## [Task]
Your task is to reproduce the entries below word for word.

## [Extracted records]
[Start of section]
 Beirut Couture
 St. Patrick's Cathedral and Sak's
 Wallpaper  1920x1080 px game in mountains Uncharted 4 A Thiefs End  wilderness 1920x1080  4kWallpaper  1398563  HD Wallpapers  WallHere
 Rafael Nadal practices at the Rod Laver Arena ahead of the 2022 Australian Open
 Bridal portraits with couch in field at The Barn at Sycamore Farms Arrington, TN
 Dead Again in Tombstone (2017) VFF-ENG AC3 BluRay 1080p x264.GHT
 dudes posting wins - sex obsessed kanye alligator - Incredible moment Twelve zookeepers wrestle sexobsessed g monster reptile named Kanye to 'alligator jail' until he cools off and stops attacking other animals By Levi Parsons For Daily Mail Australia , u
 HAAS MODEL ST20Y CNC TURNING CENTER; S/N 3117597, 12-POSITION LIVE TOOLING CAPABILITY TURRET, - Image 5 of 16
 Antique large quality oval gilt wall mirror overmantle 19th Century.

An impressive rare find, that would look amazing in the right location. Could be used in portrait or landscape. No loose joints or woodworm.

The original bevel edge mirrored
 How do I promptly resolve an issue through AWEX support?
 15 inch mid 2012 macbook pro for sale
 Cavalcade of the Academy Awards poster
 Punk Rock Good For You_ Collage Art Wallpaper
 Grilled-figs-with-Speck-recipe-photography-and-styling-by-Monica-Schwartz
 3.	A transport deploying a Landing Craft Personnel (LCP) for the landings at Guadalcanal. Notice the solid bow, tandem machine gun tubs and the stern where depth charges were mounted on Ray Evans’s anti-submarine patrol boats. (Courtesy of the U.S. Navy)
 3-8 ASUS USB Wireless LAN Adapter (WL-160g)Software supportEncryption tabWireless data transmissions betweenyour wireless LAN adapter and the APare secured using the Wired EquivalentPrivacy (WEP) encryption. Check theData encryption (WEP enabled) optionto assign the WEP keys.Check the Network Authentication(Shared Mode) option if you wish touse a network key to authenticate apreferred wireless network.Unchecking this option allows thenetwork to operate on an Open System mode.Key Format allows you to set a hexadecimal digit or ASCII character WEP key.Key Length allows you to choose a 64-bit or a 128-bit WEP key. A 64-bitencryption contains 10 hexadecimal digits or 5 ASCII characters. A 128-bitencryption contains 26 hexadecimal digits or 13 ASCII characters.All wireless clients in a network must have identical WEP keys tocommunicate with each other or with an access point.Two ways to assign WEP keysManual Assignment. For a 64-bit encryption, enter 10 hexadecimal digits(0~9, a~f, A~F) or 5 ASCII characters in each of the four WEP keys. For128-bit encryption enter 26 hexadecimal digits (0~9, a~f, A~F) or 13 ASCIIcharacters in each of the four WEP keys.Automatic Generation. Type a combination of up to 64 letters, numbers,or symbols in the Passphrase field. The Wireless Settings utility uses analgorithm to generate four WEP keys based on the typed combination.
[End of section]
## [Solved problem]
 Beirut Couture
 St. Patrick's Cathedral and Sak's
 Wallpaper  1920x1080 px game in mountains Uncharted 4 A Thiefs End  wilderness 1920x1080  4kWallpaper  1398563  HD Wallpapers  WallHere
 Rafael Nadal practices at the Rod Laver Arena ahead of the 2022 Australian Open
 Bridal portraits with couch in field at The Barn at Sycamore Farms Arrington, TN
 Dead Again in Tombstone (2017) VFF-ENG AC3 BluRay 1080p x264.GHT
 dudes posting wins - sex obsessed kanye alligator - Incredible moment Twelve zookeepers wrestle sexobsessed g monster reptile named Kanye to 'alligator jail' until he cools off and stops attacking other animals By Levi Parsons For Daily Mail Australia , u
 HAAS MODEL ST20Y CNC TURNING CENTER; S/N 3117597, 12-POSITION LIVE TOOLING CAPABILITY TURRET, - Image 5 of 16
 Antique large quality oval gilt wall mirror overmantle 19th Century.

An impressive rare find, that would look amazing in the right location. Could be used in portrait or landscape. No loose joints or woodworm.

The original bevel edge mirrored
 How do I promptly resolve an issue through AWEX support?
 15 inch mid 2012 macbook pro for sale
 Cavalcade of the Academy Awards poster
 Punk Rock Good For You_ Collage Art Wallpaper
 Grilled-figs-with-Speck-recipe-photography-and-styling-by-Monica-Schwartz
 3.	A transport deploying a Landing Craft Personnel (LCP) for the landings at Guadalcanal. Notice the solid bow, tandem machine gun tubs and the stern where depth charges were mounted on Ray Evans’s anti-submarine patrol boats. (Courtesy of the U.S. Navy)
 3-8 ASUS USB Wireless LAN Adapter (WL-160g)Software supportEncryption tabWireless data transmissions betweenyour wireless LAN adapter and the APare secured using the Wired EquivalentPrivacy (WEP) encryption. Check theData encryption (WEP enabled) optionto assign the WEP keys.Check the Network Authentication(Shared Mode) option if you wish touse a network key to authenticate apreferred wireless network.Unchecking this option allows thenetwork to operate on an Open System mode.Key Format allows you to set a hexadecimal digit or ASCII character WEP key.Key Length allows you to choose a 64-bit or a 128-bit WEP key. A 64-bitencryption contains 10 hexadecimal digits or 5 ASCII characters. A 128-bitencryption contains 26 hexadecimal digits or 13 ASCII characters.All wireless clients in a network must have identical WEP keys tocommunicate with each other or with an access point.Two ways to assign WEP keysManual Assignment. For a 64-bit encryption, enter 10 hexadecimal digits(0~9, a~f, A~F) or 5 ASCII characters in each of the four WEP keys. For128-bit encryption enter 26 hexadecimal digits (0~9, a~f, A~F) or 13 ASCIIcharacters in each of the four WEP keys.Automatic Generation. Type a combination of up to 64 letters, numbers,or symbols in the Passphrase field. The Wireless Settings utility uses analgorithm to generate four WEP keys based on the typed combination.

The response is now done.